The state of Washington and three other states have followed suit. In 44 states today, however, it is legal to stop you for absolutely no reason other than the fact that you are driving a car. The only purpose is to check you out for drunk driving.

You have been stopped, you have been taken out of the car and you have been handcuffed. You are placed in a police vehicle and you are on your way back to the police station. About this time you're probably wondering: I've seen this TV show somewhere — they're supposed to read me something aren't they? Something called Miranda? Aren't I supposed to have a right  to an attorney? Don't I have the right to remain silent? That becomes an issue because, as you're being driven to jail, the officer's asking you all kinds of questions.

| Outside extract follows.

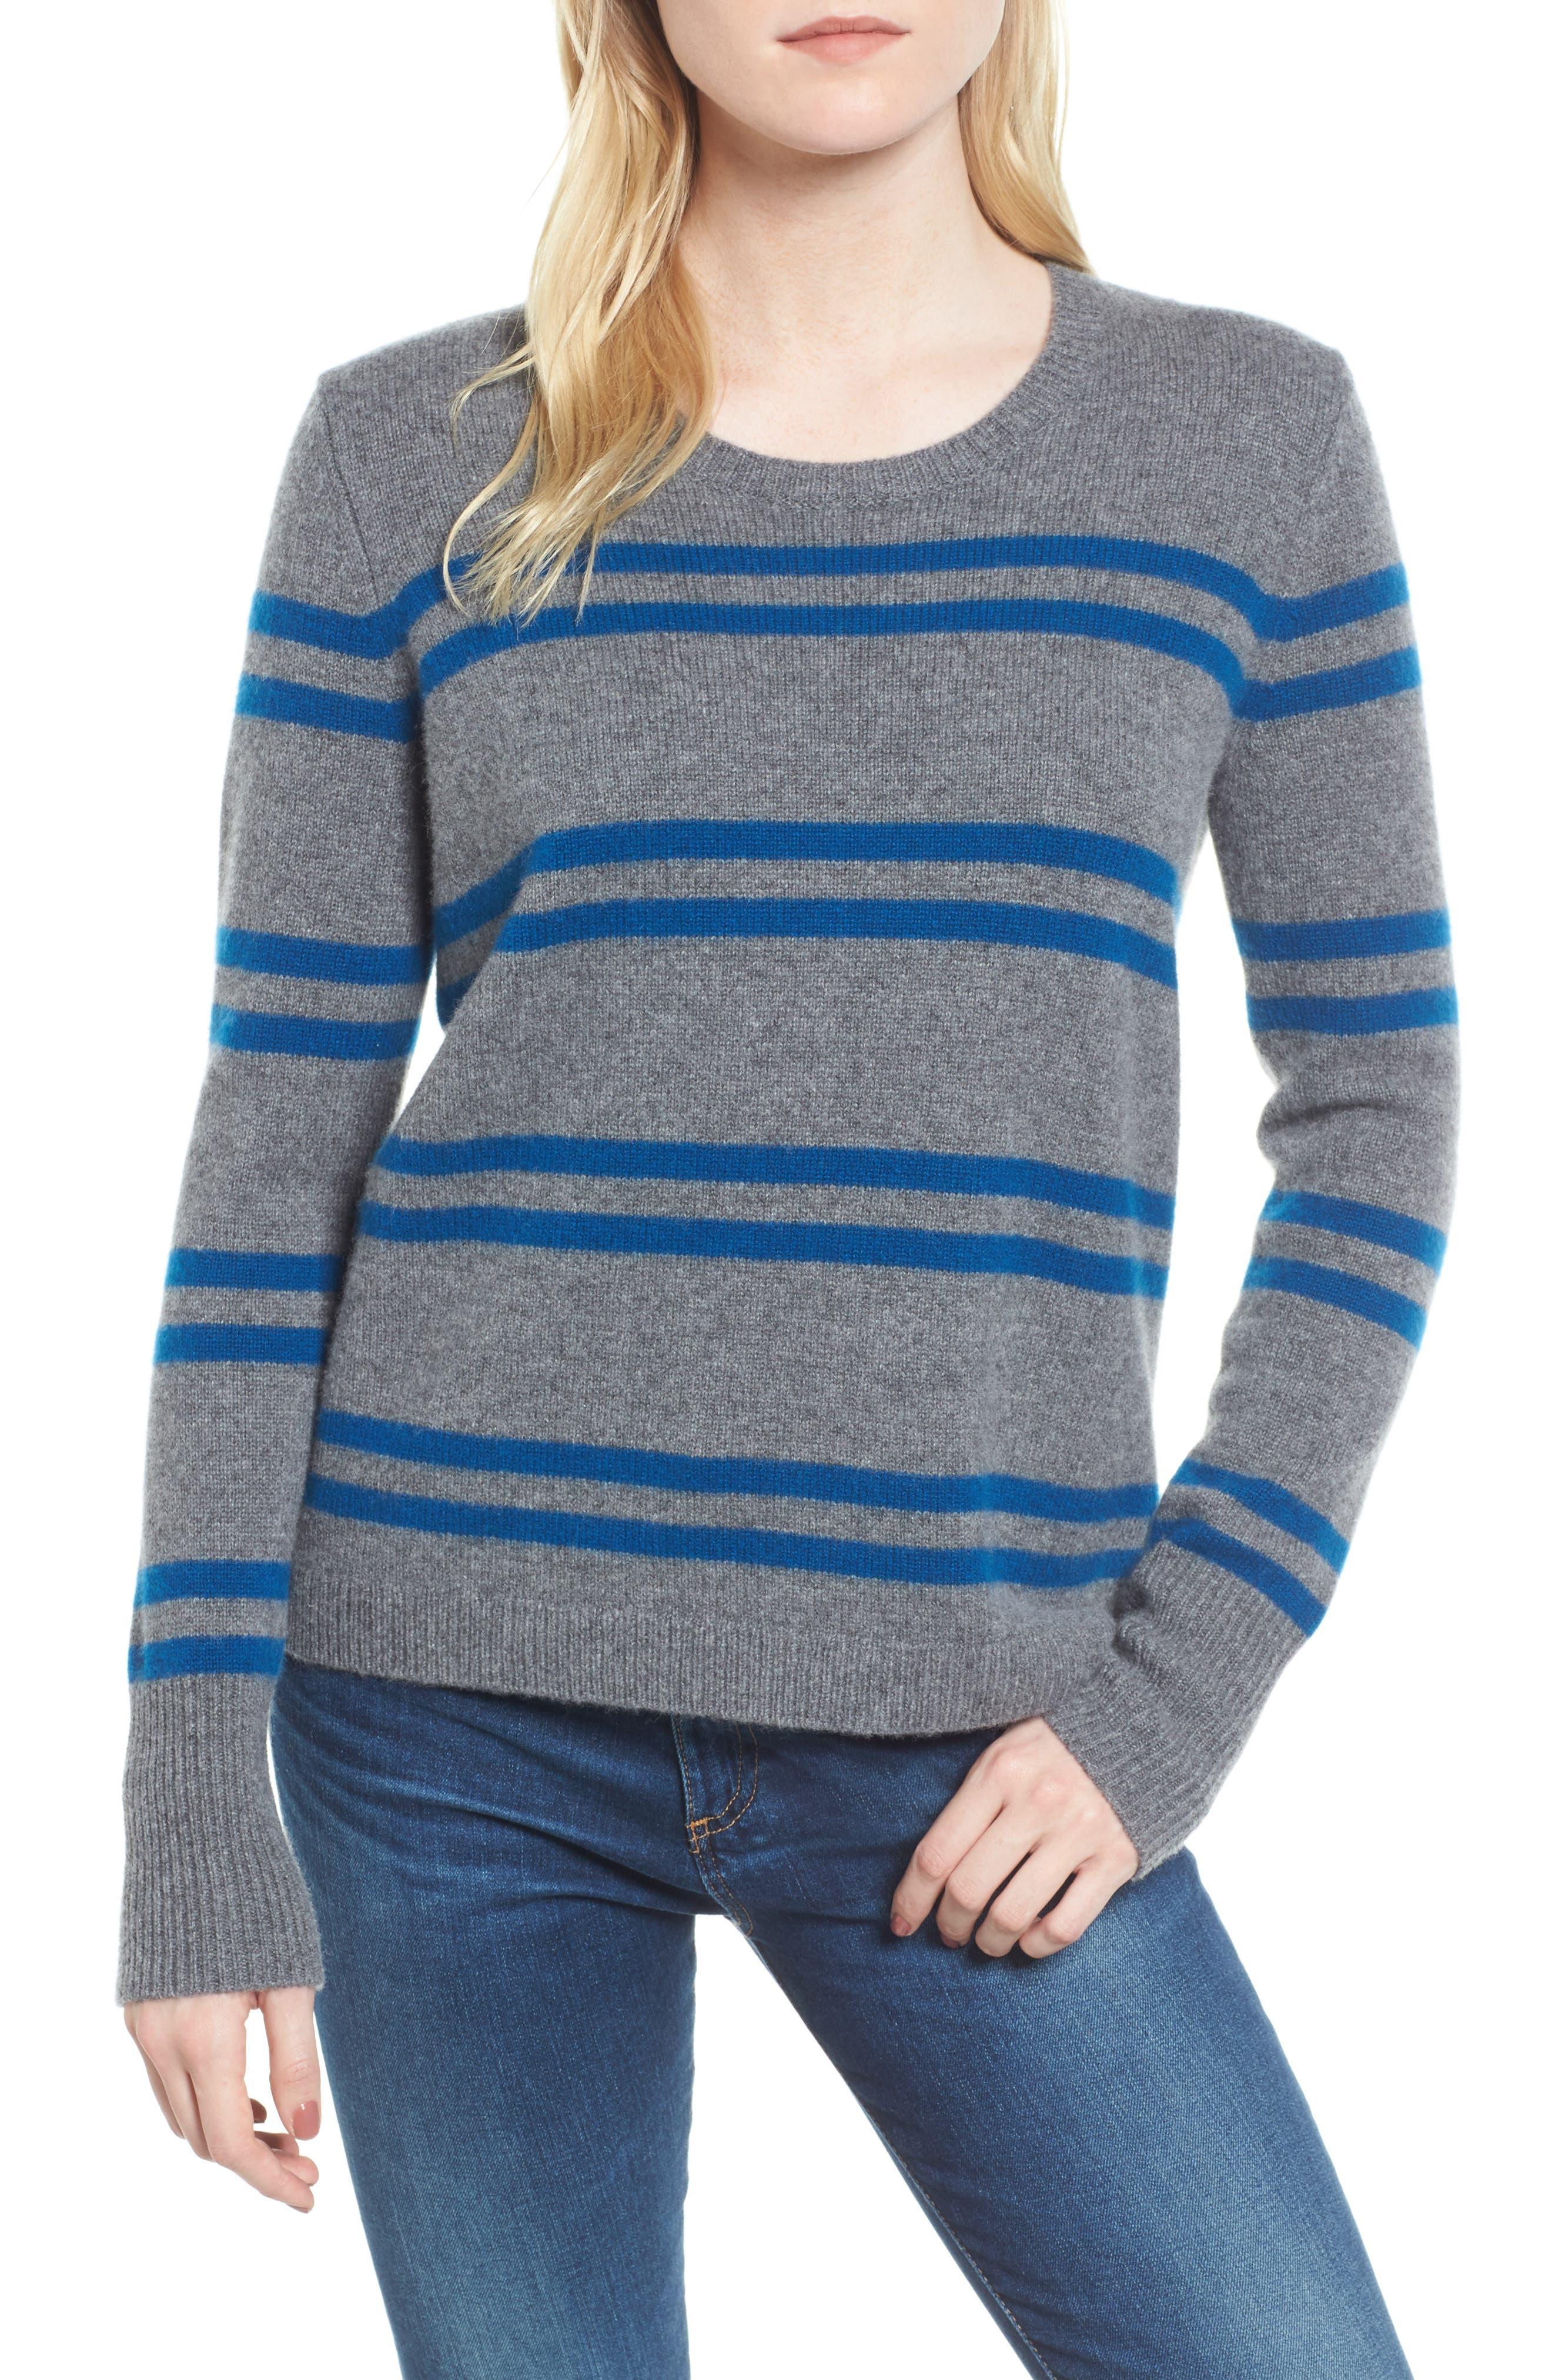 Alternate Image 1 Selected - James Perse Stripe Cashmere Sweatshirt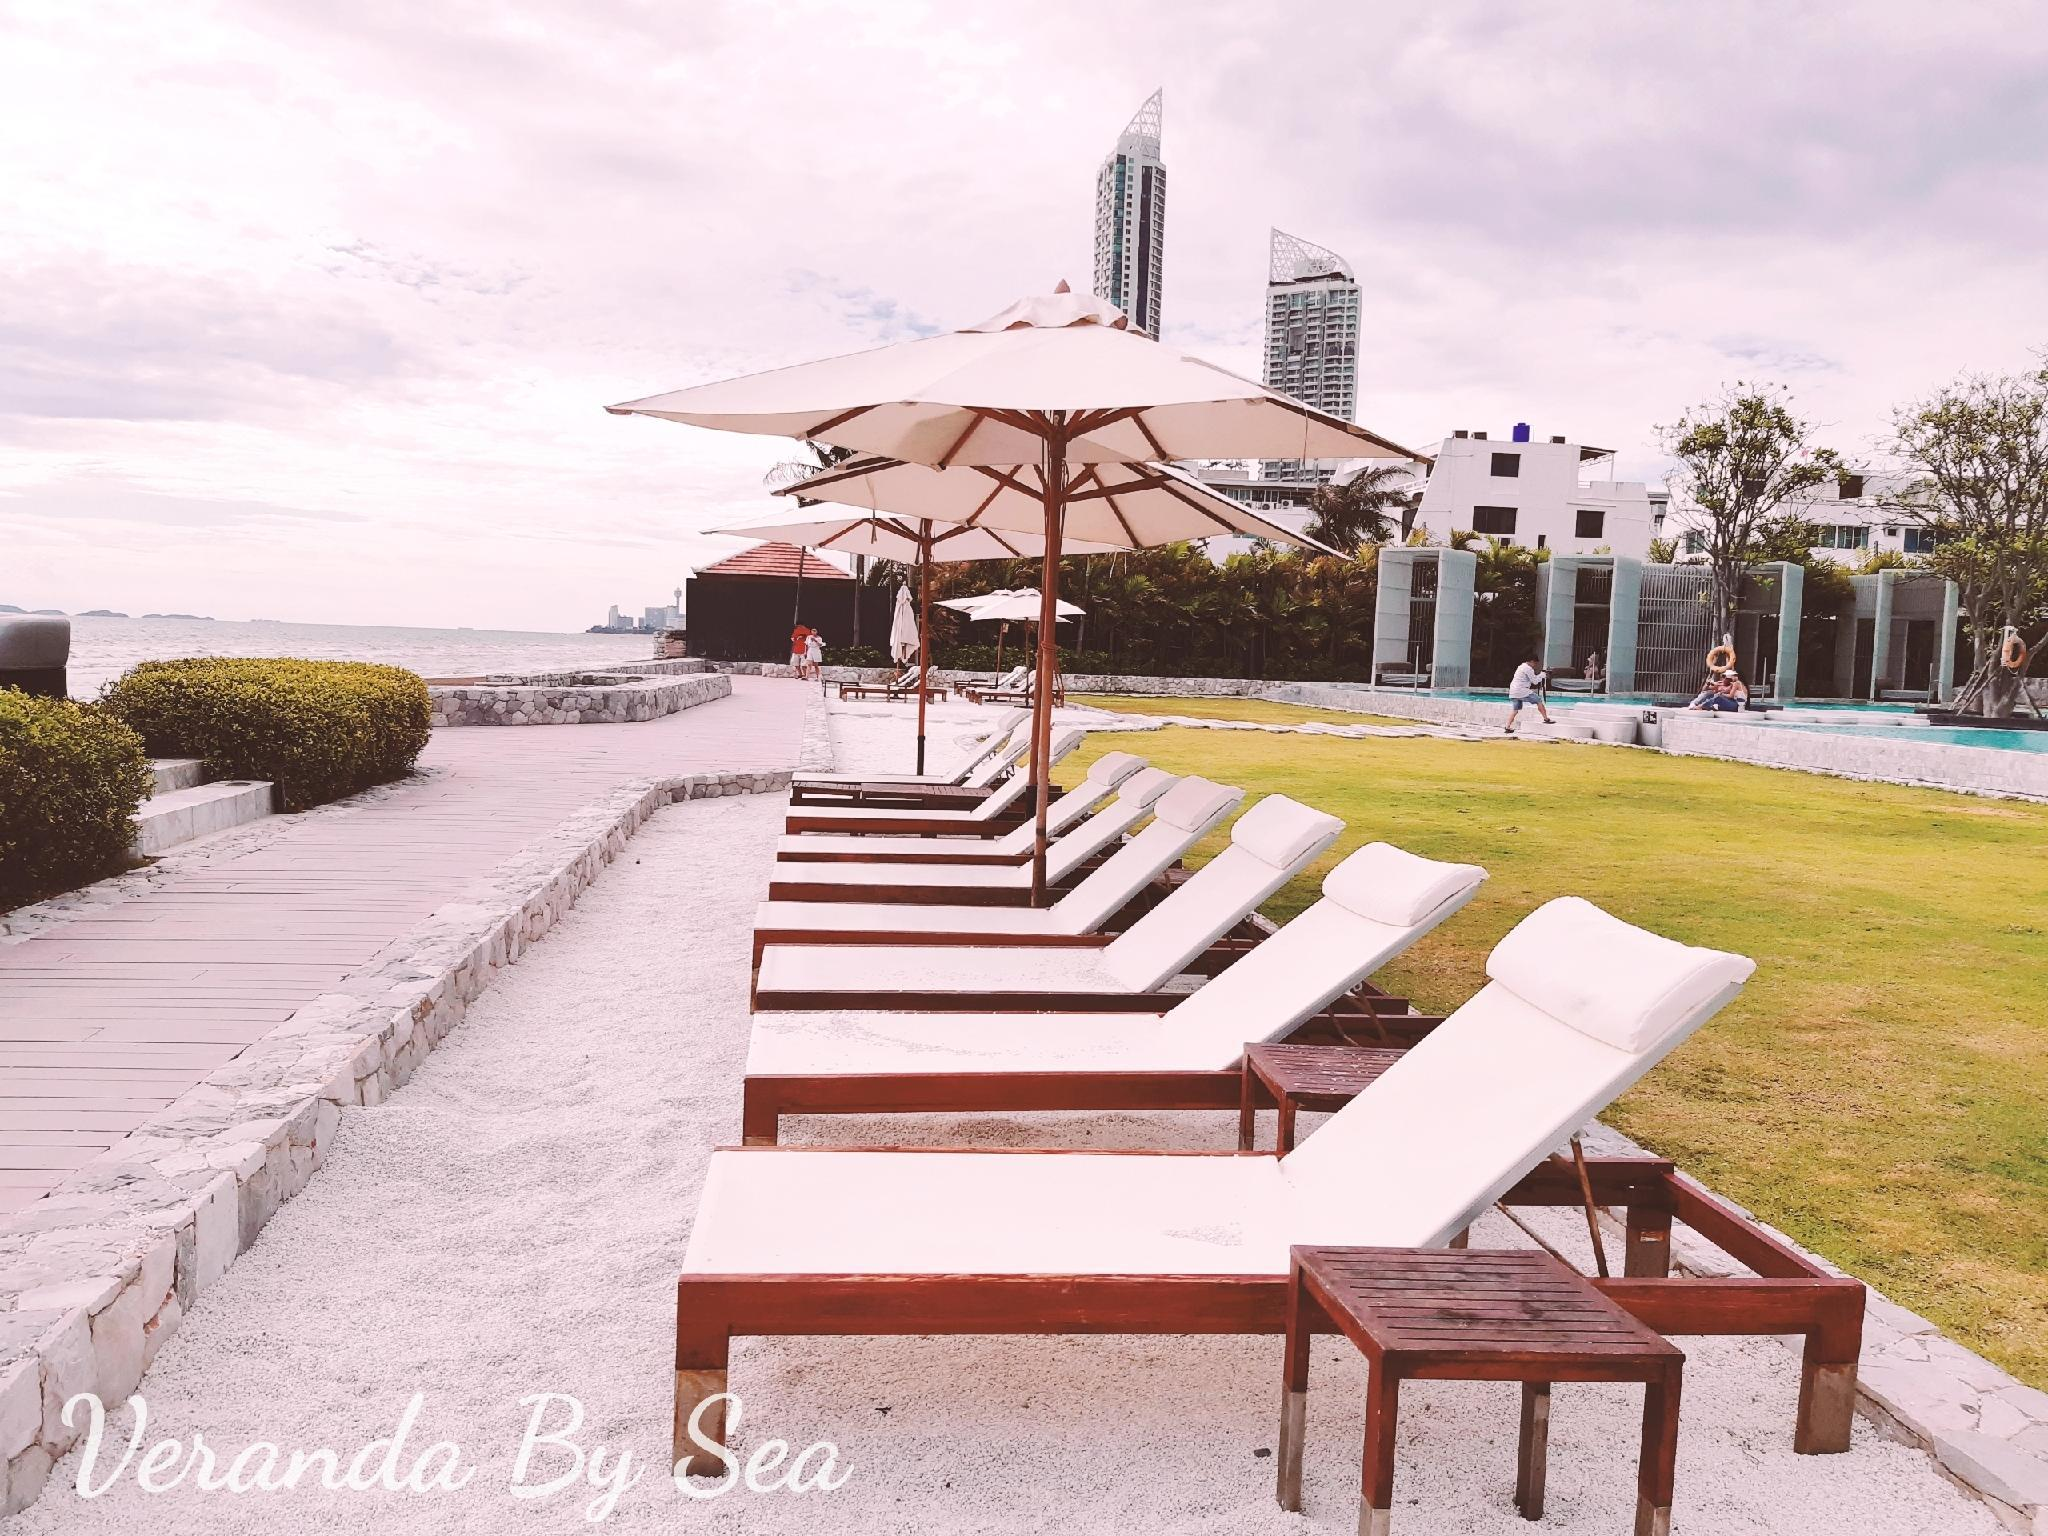 Veranda Residence Pattaya By Sea

Like, "Where have you been?" "Where are you coming from?" "How much have you had to drink?" "How long ago was it?" "When was the last drink?" "Do you feel the effects?" "Where are you now?" "What time of day is it?"

Well, again, a state Supreme Court said, "Hey, this person's handcuffed and under arrest, you've got to advise him of his constitutional rights under Miranda." And again, it went to the United States Supreme Court. In 1984 in Berkemer v. McCarty, the United States Supreme Court fooled around for about 20 or 30 pages of opinion and finally concluded that there was apparently a DUI exception to the constitution. And that, "Well, we really can't tell you when you're supposed to give Miranda in a DUI case. We do know that it is later than in other types of criminal investigations." So, the U.S. Supreme Court has told us we don't know when Miranda is supposed to be given in DUI cases, but it is clearly some time later than in other cases.

Well, about this time you arrive at the police station and the officer takes you into a room and there is this little metal box about the size of a desktop computer.  And he says breathe in here. And you say, "Wait a minute, I have a right to an attorney. Can I make a phone call?" "No," says the officer. And, he's right. However, this denial of access to an attorney is only applicable in DUI cases. He's right. You're about to give the most incriminating evidence possible to give in a DUI case and you have no right to seek the advice of an attorney as to whether to breathe into that machine or, in the alternative, to agree to submit to a urine or a blood test.

And I'm only touching on a few of the problems. In California, for example, and in many other states, the law says you have a right to choose between breath and blood. It is your choice. We have discovered in California, however, through our own Supreme Court that when the officer doesn't give you that choice — just makes you breathe into that little black box — that's okay. They're not supposed to do it, but there's no remedy. There's nothing that can be done about it, so says the California Supreme Court. You can't suppress the evidence. Well, police are not stupid, so now about half of them simply don't give you that choice, since nothing is going to happen if they don't.

Your next thought is, I don't know if I trust that little machine. Maybe I should refuse to breathe into it. I think I'm okay because, because as I remember, there's a Fifth Amendment right in the United States Constitution that I don't have to incriminate myself, and, not only that, but if it goes to trial, the prosecutor can't even refer to the fact that I've exercised my Fifth Amendment right.